Chelsea are looking to be buyers more than sellers in this summer’s transfer market, but Nemanja Matic is one of the more high-profile names linked with the exit door. Former manager Jose Mourinho is reportedly interested in bringing him to Manchester United, while Juventus have also been linked.
ESPN FC runs through the pros and cons of keeping Matic at Stamford Bridge.
Pros
Chelsea will need depth next season
Antonio Conte’s parting message at Wembley in May, as he digested Chelsea’s limp FA Cup final defeat to Arsenal, was an urgent call for reinforcements.
“Next season, for sure, we must pay great attention to understand that we have to improve. We have to improve in numbers in the squad and in quality,” he said.
Nine players started at least 30 of Chelsea’s 38 Premier League matches last season. Matic was one of them, part of the small core that Conte relied upon to lead Chelsea back to the pinnacle of English football.
Competing in the Champions League next season will require a larger pool of players that the Italian trusts. Monaco midfielder Tiemoue Bakayoko is a top summer target but even if he arrives and dislodges Matic from Conte’s strongest starting XI, there should be more than enough minutes for both.
He might still rediscover his best form
It’s easy to forget that in his first 18 months back at Stamford Bridge after returning to Chelsea from Benfica in January 2014, Matic established himself as the most formidable midfield destroyer in the Premier League.
Few players suffered more as a result of the “palpable discord” that plagued the Blues in Mourinho’s torrid final months, and only last season did Matic regain enough confidence in his game alongside the spectacular N’Golo Kante to show flashes of the force of old.
He is still not quite there, too often passive in possession and content to play the safe pass when greater ambition is required. But if Conte can take the Matic reclamation project to the next stage, he could still be a key figure in a team challenging for major trophies.
Selling him to United will help Mourinho
Mourinho was the driving force behind Chelsea’s move to re-sign Matic from Benfica and the 28-year-old ticks many of the boxes he looks for in his midfielders: tall, powerful, tactically disciplined and blessed with a natural instinct for spotting danger.
Given the way that Mourinho publicly questioned Matic’s mentality during his final season at Chelsea the suggestion that he wants him at United is a surprising one, even if he has decided that United need a midfielder of that type.
But as far as Chelsea are concerned, the only things that should matter are that Matic is a good player, United are rivals and, most importantly, they are no longer in the business of solving their greatest-ever manager’s problems.
Cons
Matic’s future won’t be settled without a new contract
Just like Diego Costa and Thibaut Courtois, Matic has two years left on his contract. That means this summer is crucial for making a decision on his future one way or the other: if the he wants to leave, now is the time to sell for maximum value; if he wants to stay, an extension must be agreed.

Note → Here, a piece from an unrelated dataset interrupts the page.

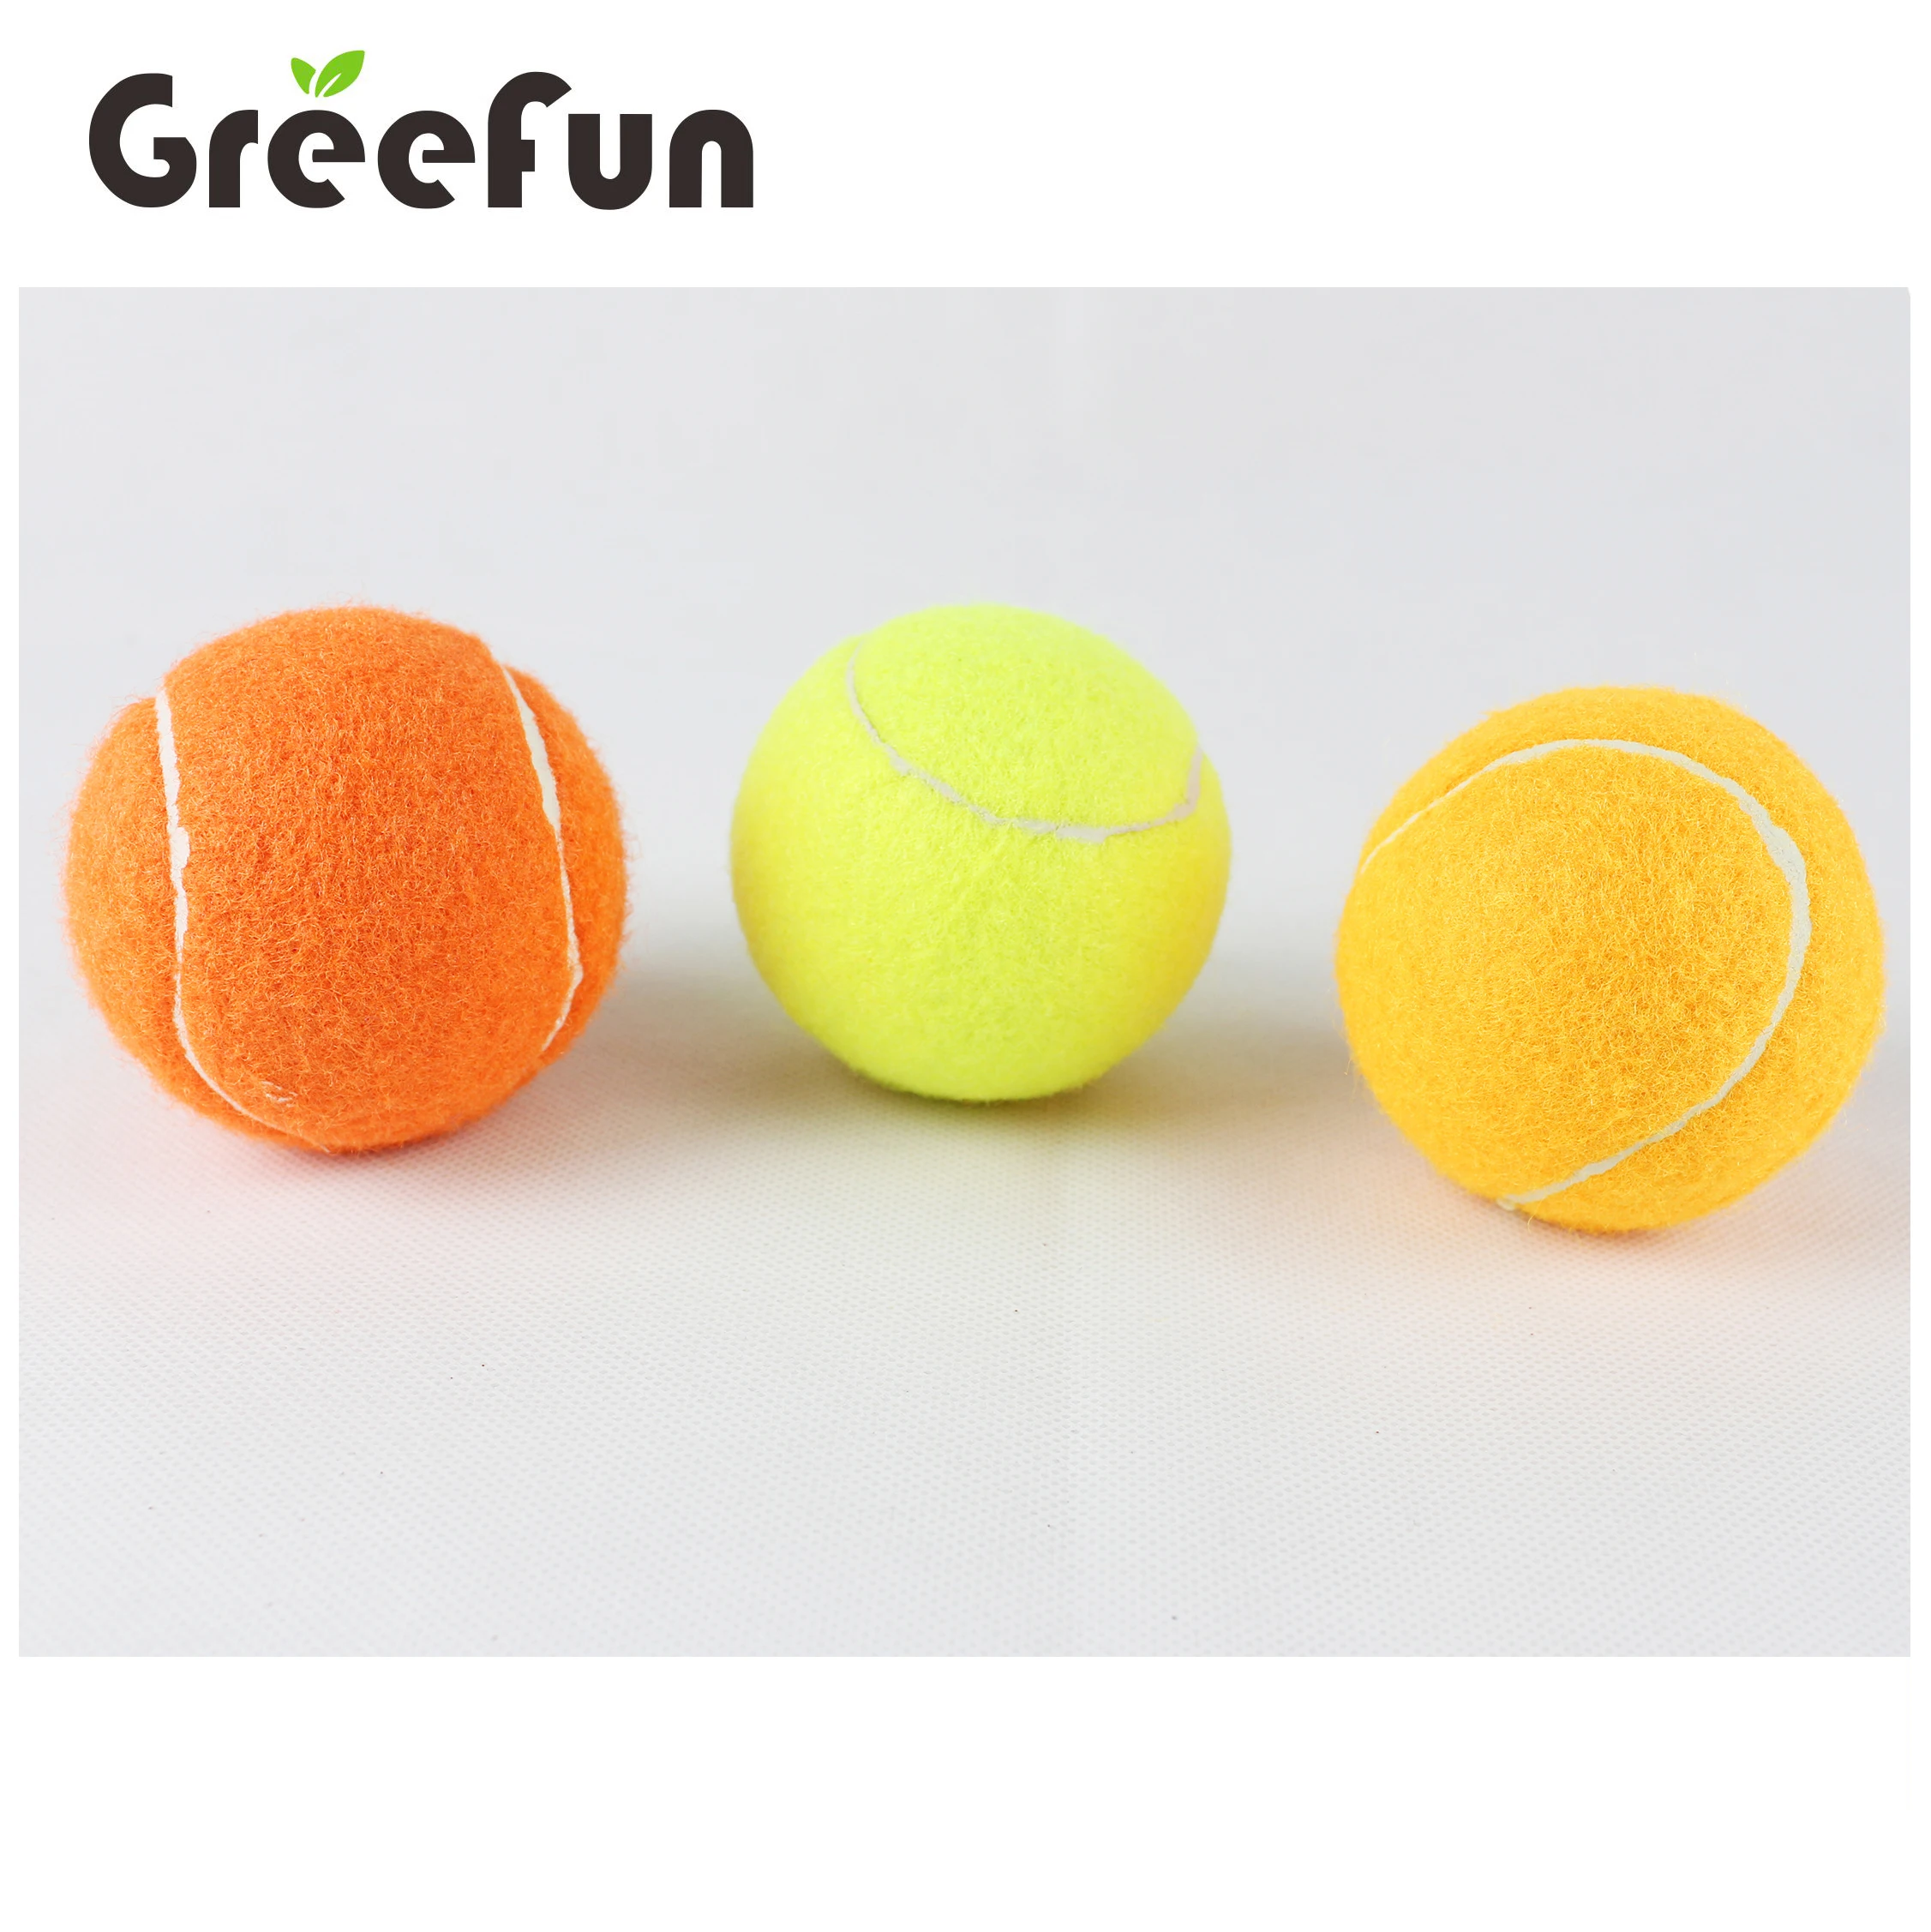  Низкий минимальный объем заказа рекламные теннисные мячи на заказ тренировочные для оптовой продажи доступны черные разных

This gives Matic some leverage. If he wants to join United and Chelsea deny him the move, he can simply sit tight until next summer when the ticking clock on his contract will give the Blues less choice over where he goes and for how much.

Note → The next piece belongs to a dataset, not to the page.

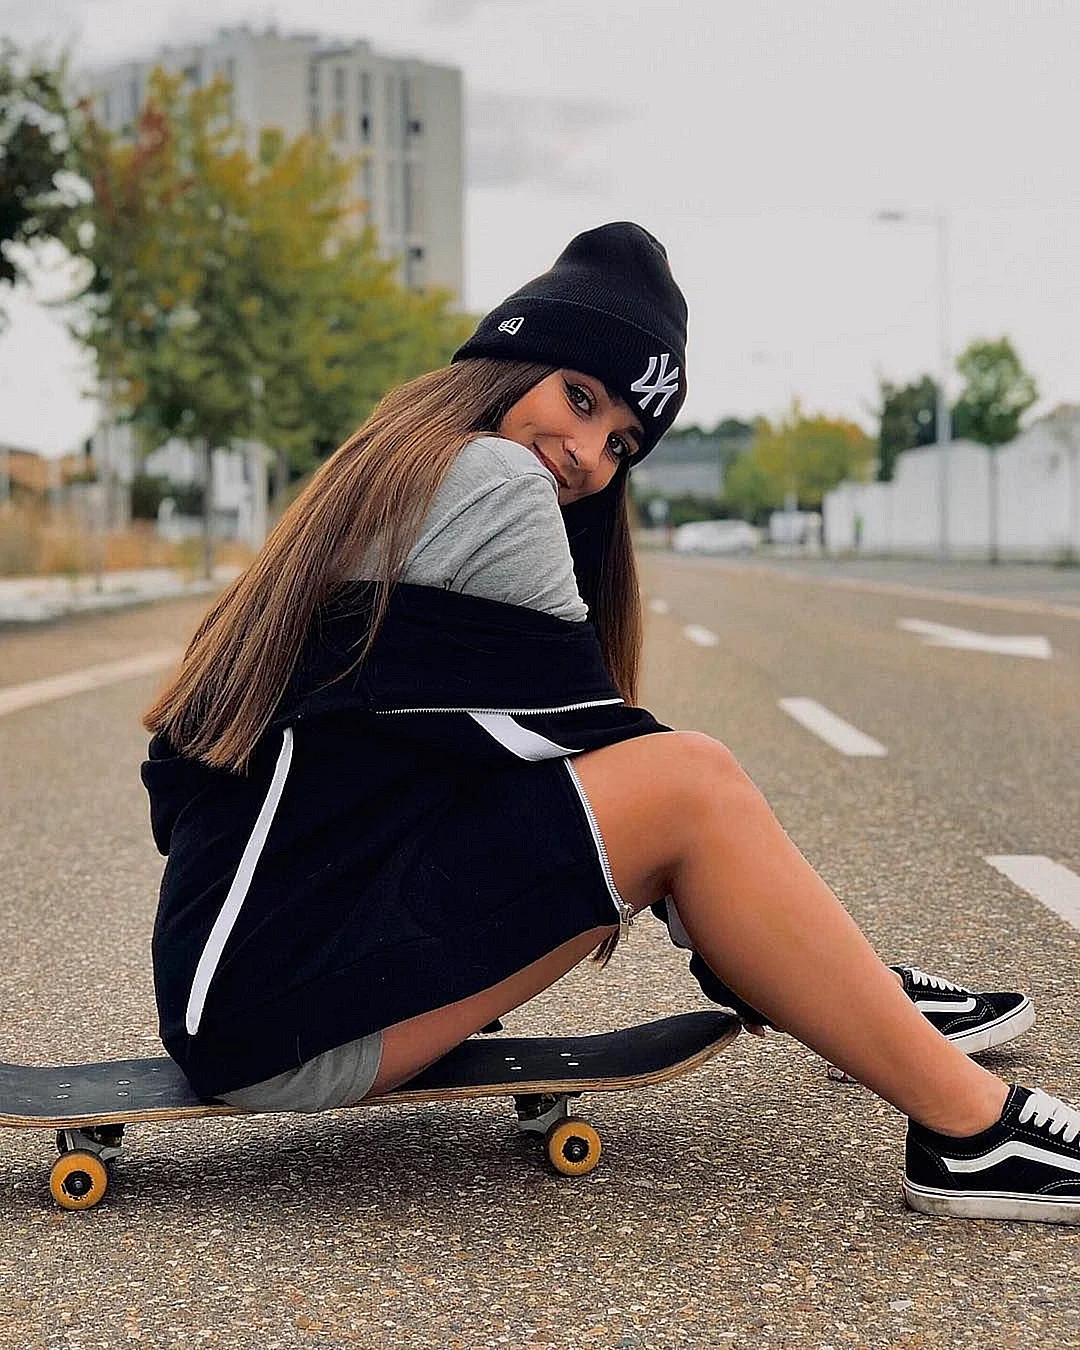 Девушка на скейтборде

On the other hand, if Matic decides he wants a new contract, he can use interest from other clubs and the shorter time on his current deal to further improve his financial package. Regardless of how he feels, Chelsea know that keeping him from the clutches of interested clubs is only half the battle ahead.
Chelsea could make a big profit on selling him
Three years ago, Chelsea’s decision to pay £21m for a player originally sent to Benfica as an extra in the deadline day deal that brought David Luiz to Stamford Bridge in January 2011 was greeted as farcical by some.

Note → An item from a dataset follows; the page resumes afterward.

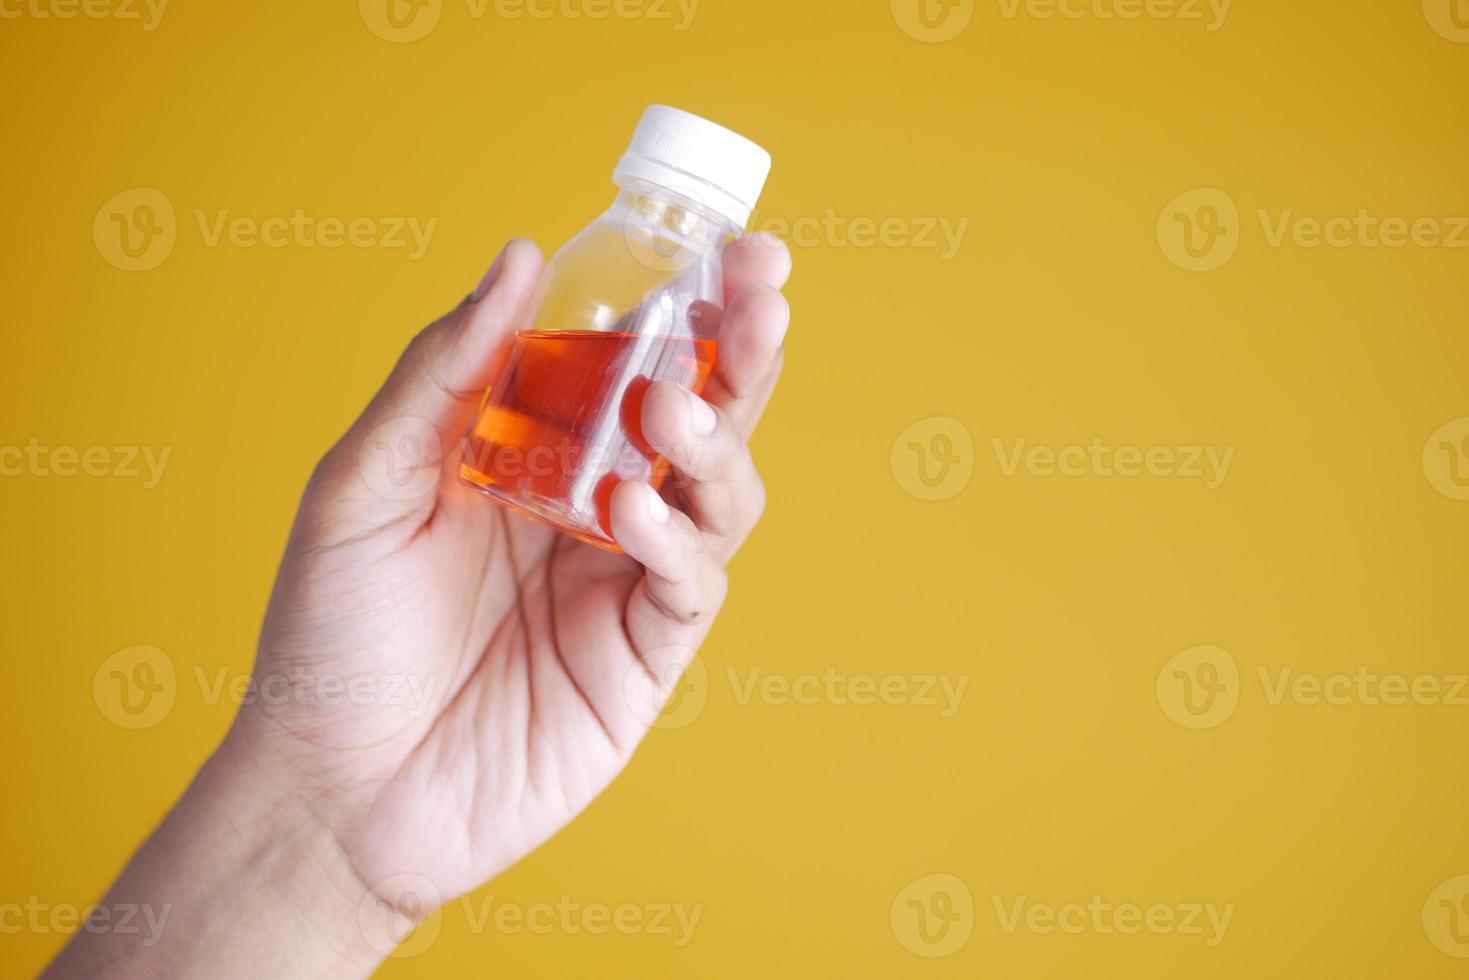 segurando a garrafa com remédio líquido em amarelo foto

In the transfer landscape of 2017, where £30m appears to be the starting point in negotiations for any player of consequence, it looks a bargain.
Matic has more than repaid his transfer fee, establishing himself as a regular starter in two Premier League-title winning teams, and he is only 28. If clubs are serious about prising him from Stamford Bridge, Chelsea would fancy their chances of getting as much as double what they paid in 2014.
His departure could pave the way for youth
Youth development occupies a strange place in the identity of the modern Chelsea. Their academy teams are utterly dominant, yielding a relentless conveyer belt of youth trophies and largely English prospects, and yet the pathway to a significant first-team role remains non-existent.
Last season Nathaniel Chalobah appeared poised to break the pattern, as Conte regularly used him off the bench in the Premier League from August to December. Yet as the stakes in the title race increased Chalobah was frozen out, earning just 88 league minutes in the final five months of the campaign.
He rarely put a foot wrong and looks ready for greater responsibility. The same can be said of Lewis Baker, looking for Premier League experience after two excellent seasons on loan at Vitesse. Letting go of Matic for either or both would be a strong signal that Chelsea’s academy is more than just another income stream.